Which woman composer has been played the most at the Proms?
Would you believe it’s an obscure Englishwoman born in 1855 named Maude Valérie White?
She was a prolific composer, writing over two hundred songs, a ballet, and an unfinished opera, among other works.
Her music was hailed by critics and musicians alike. In fact, in 1903, writer Arthur Elson wrote, “Maude Valérie White takes rank among the very best of English song writers.”
She also influenced later composers like Vaughan Williams by helping to turn the tradition of English song into something more elevated than mere ditties for the drawing room.
And yet today she’s almost entirely forgotten. Why?
Today, we’re looking at the life and legacy of Maude Valérie White.
Maude Valérie White’s Birth and Family

Maude Valérie White, 1901
Maude Valérie White was born in June 1855 to upper-middle-class English parents.
Her father was a merchant who had begun a business in Chile, then moved his family to Dieppe, Normandy, in France. She had at least seven siblings that we know of.
Months after her birth, her family relocated to England, so she always thought of England as home.
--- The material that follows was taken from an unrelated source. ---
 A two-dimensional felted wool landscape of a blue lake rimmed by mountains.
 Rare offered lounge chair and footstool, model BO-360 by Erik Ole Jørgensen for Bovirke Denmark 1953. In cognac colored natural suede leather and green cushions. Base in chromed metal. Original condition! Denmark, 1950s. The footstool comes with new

But she also spent time in Paris and Germany while growing up.
White’s Early Education
Her first music teacher was her German governess, with whom she lived in Heidelberg between the ages of seven and nine.
In 1864, she was sent back to England, where she became the only female pupil at a boys-only school. Perhaps it was here that she began learning the necessary skills to successfully manoeuvre as a woman in male-dominated spaces.
Afterwards, she was sent to Paris to study for three years. During that time, her father died of yellow fever, which would have both emotional and economic consequences for her and her family.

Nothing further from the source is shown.